■ **Input data**:
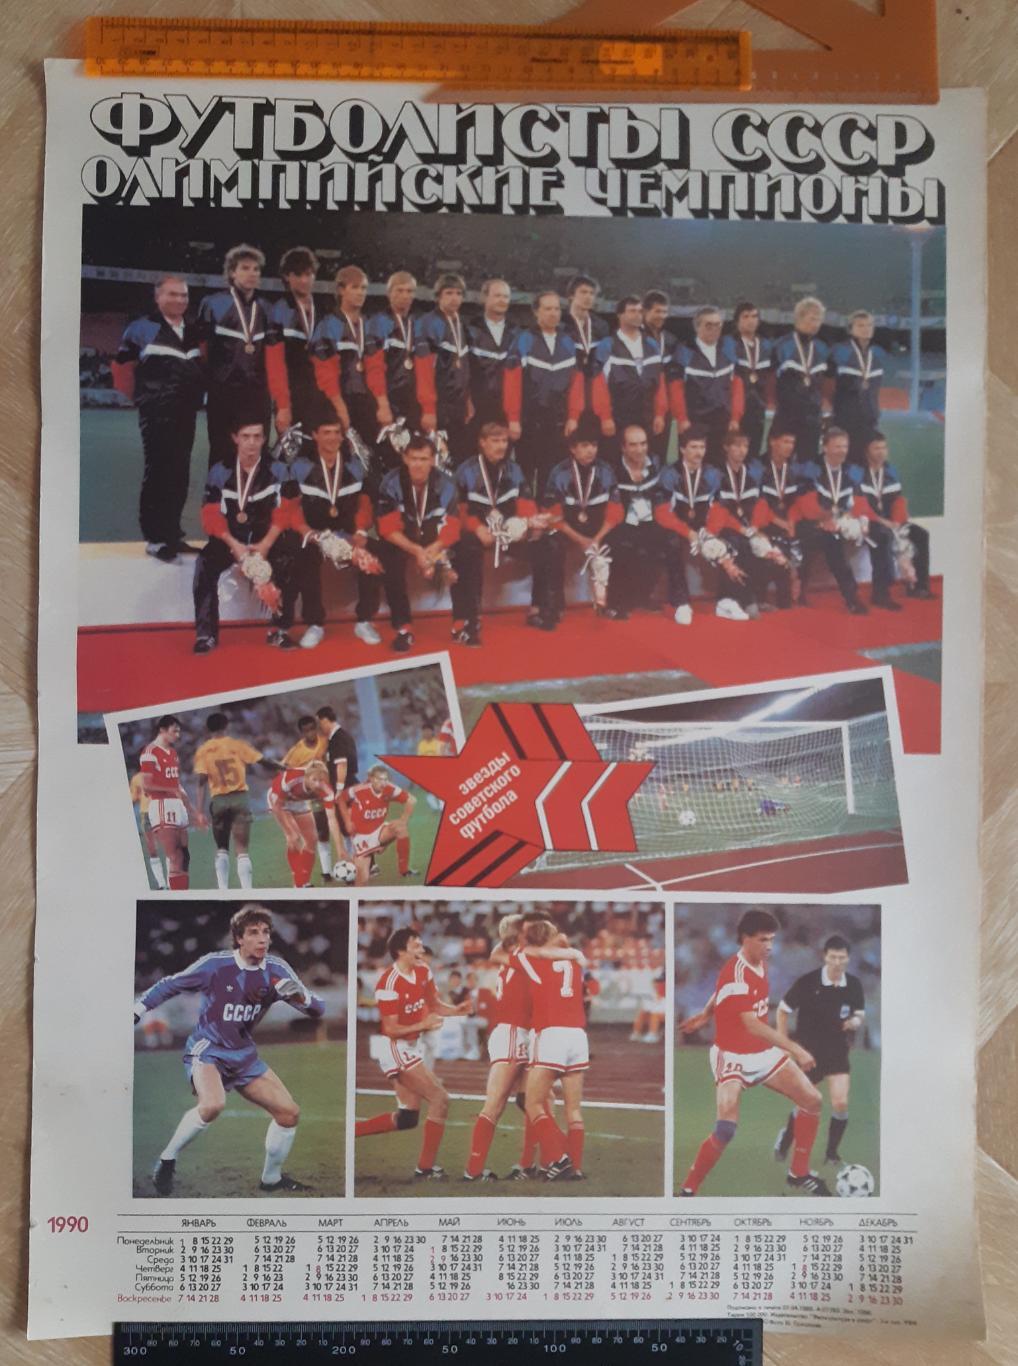 Постер сборная СССР олимпийский чемпион 1988 года.
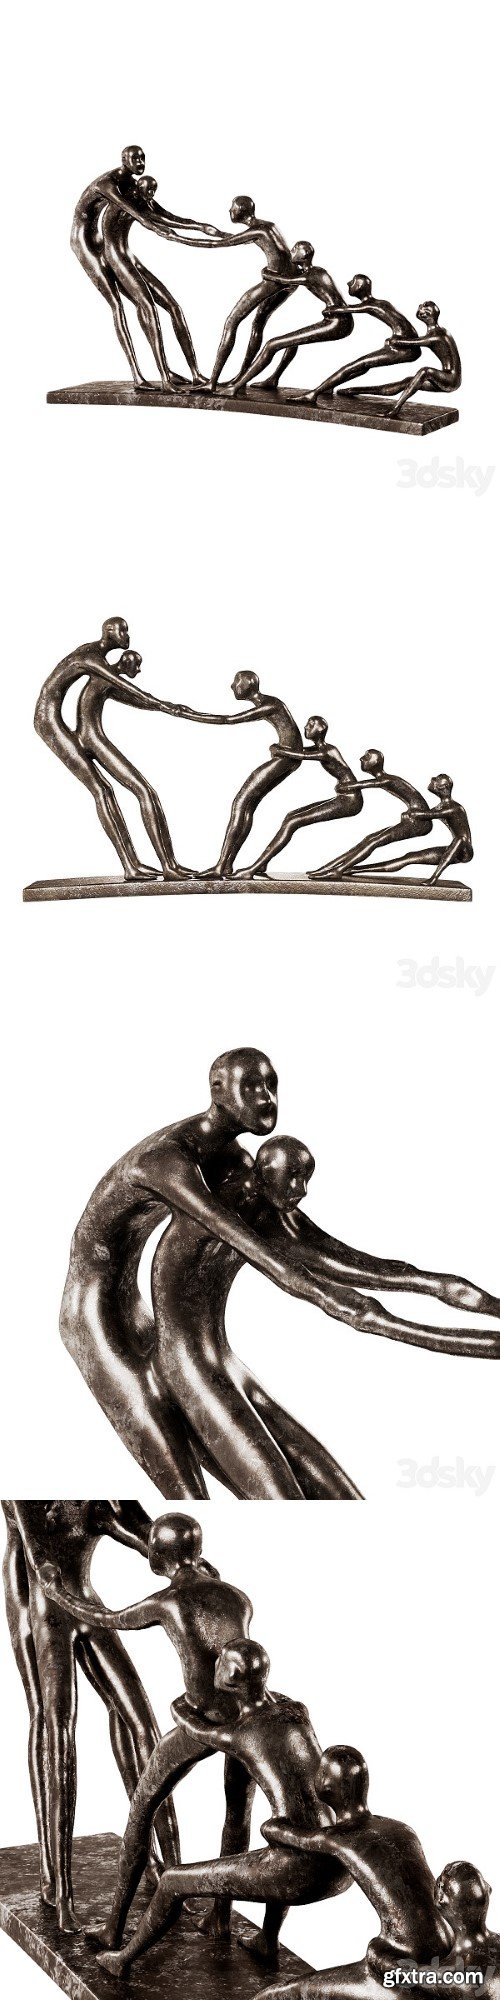 WAYFAIR bronze statuette War Human
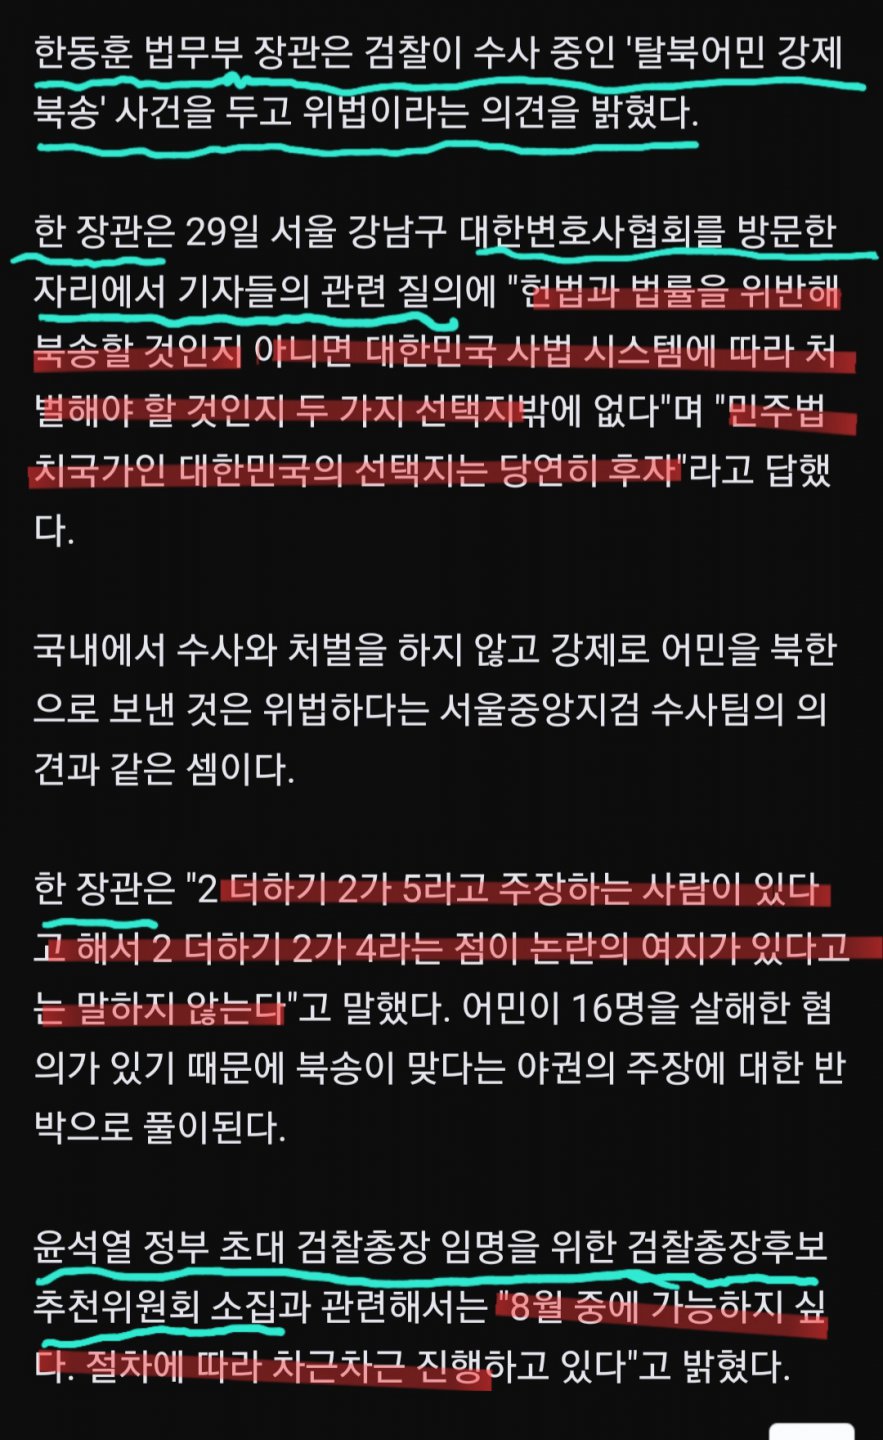 한똥훈 ""탈북어민 강제북송 위법, 국내 처벌 사안""

■ **What you should do**:
With the pictures set aside, copy each line above as written.

■ **Written answer**:
 Постер сборная СССР олимпийский чемпион 1988 года.
 WAYFAIR bronze statuette War Human
 한똥훈 ""탈북어민 강제북송 위법, 국내 처벌 사안""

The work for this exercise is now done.